My children, they taught me. All three of them taught me.
And my peers — my friends, my other nursing friends.
What can individuals do to support breastfeeding?
I think everybody should just talk more about breastfeeding. Stop hiding. Stop sequestering people. People are covering up, or making special rooms, and you know, we don’t have to hide.
“For parents, remember that there’s strength in asking for help. We live so separated from each other that people don’t want to ask for help.”
I think people could just support breastfeeding parents. When they see somebody nursing, give them a thumbs-up; ask them if they need help. When your friends have babies, invite the babies too. When you get married and have a wedding, invite the babies. I mean that. I see parents having to figure out weddings all the time. Babies should be accepted. Some weddings can have toddlers and some can’t, but a breastfed baby and mother, you don’t want to be separated.

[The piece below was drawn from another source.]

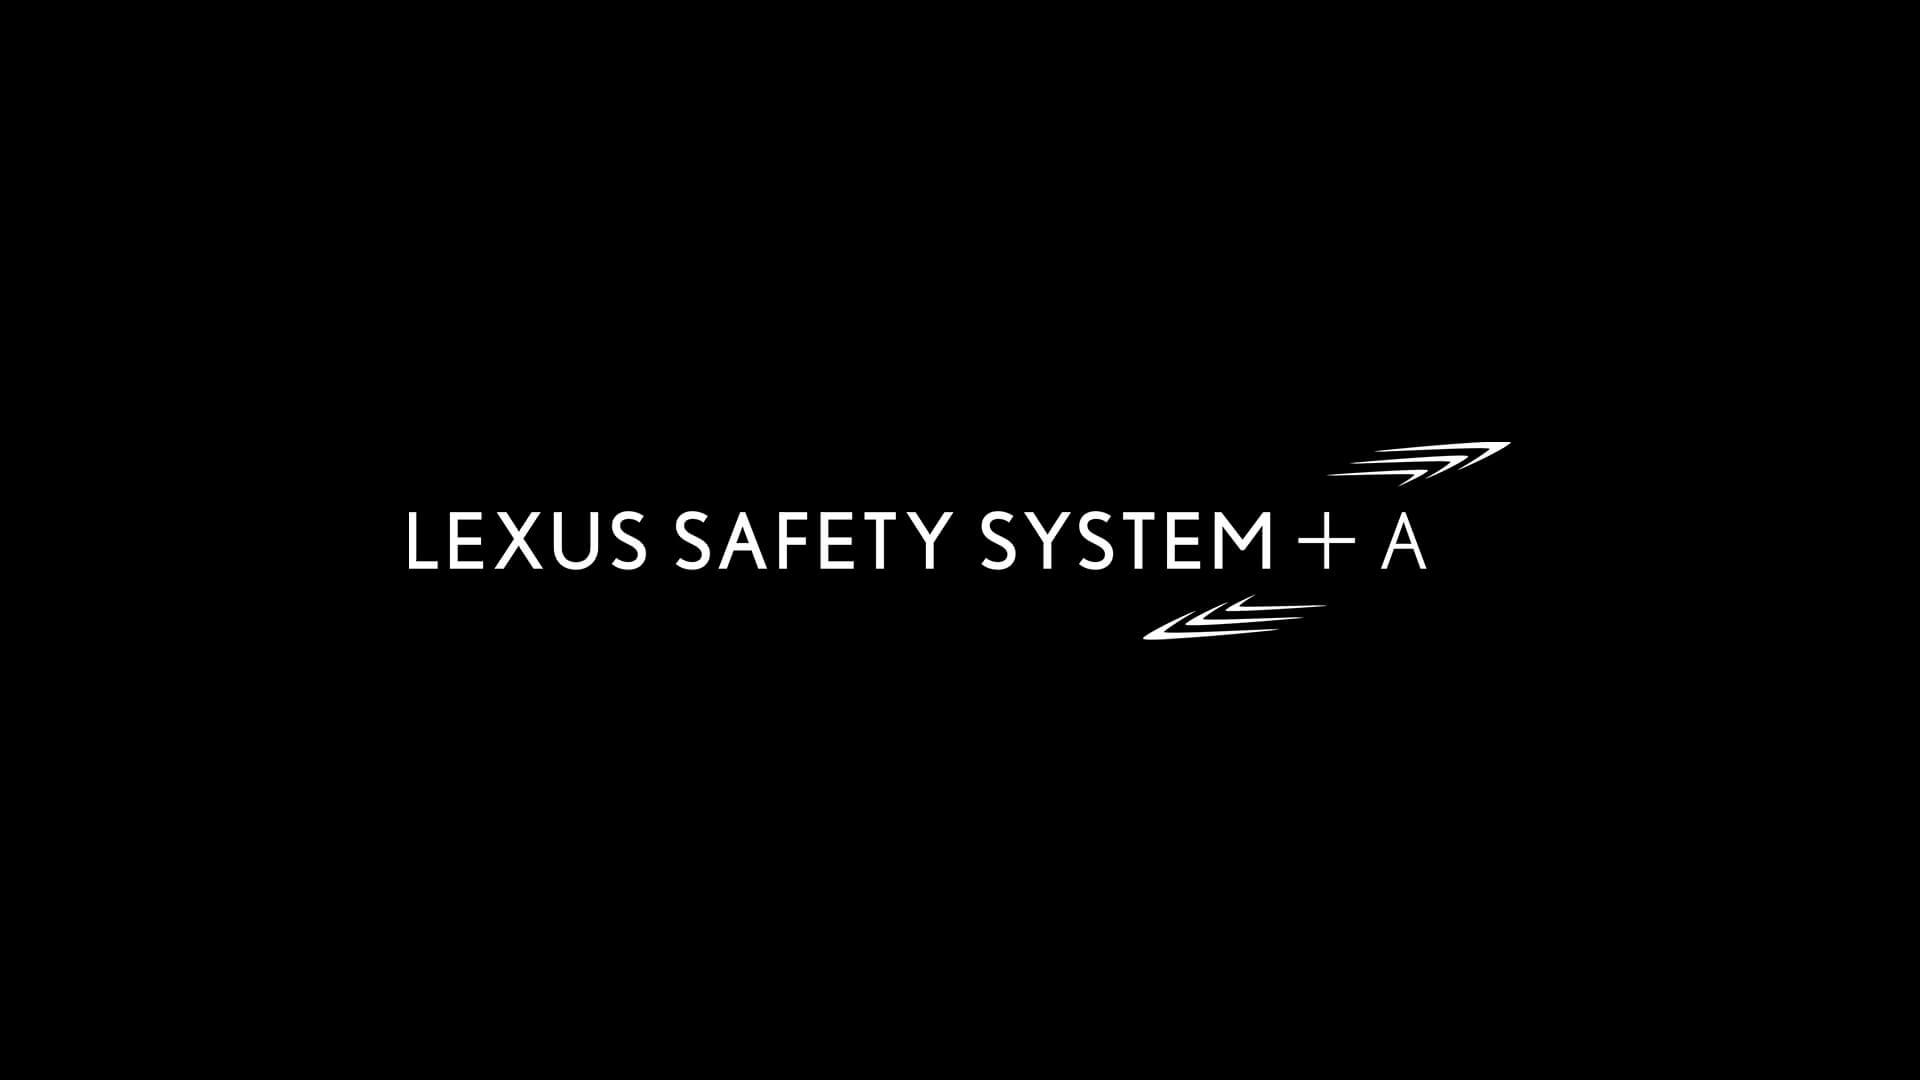 2018 lexus ls features lexus safety system plus a

For parents, remember that there’s strength in asking for help. We live so separated from each other that people don’t want to ask for help. When you have a baby, you need help. Tell people to help with things that are going to help you stay with your baby. Say, “Yes, I need you to go to the grocery store and get me some food. I need you to clean my house. I need you to take my toddler out to a playground so that I can sit here and just get to know my baby.”
What can companies do to support breastfeeding parents and to normalize breastfeeding?
You know, it’s very funny because everybody has an app now about what side they’re nursing on. Back in my day — back twenty-three years ago and even twelve years ago — we just used our boobs and felt: Oh, this one has more milk, so I guess I’d better try on that side. I think we’re culturing the instincts out of parents. So don’t make more apps!
Make art that celebrates breastfeeding. Make breast art. Designers should use images that have people and families of different ages and diversity, and show breasts in a nonsexual way.
For businesses, we should have longer maternity leave. We can support families so that they don’t have to go back to work when their babies are so young. I feel strongly about that. I think that should just be the cultural norm. People that are here from other countries are shocked sometimes at how soon we go back. Or bring your baby to work. Set up businesses where people can have their baby with them. It’s not realistic for everybody or every type of work, but when you can, make it work. If it was the cultural norm that you took a year off, or brought babies to work, we’d make it work.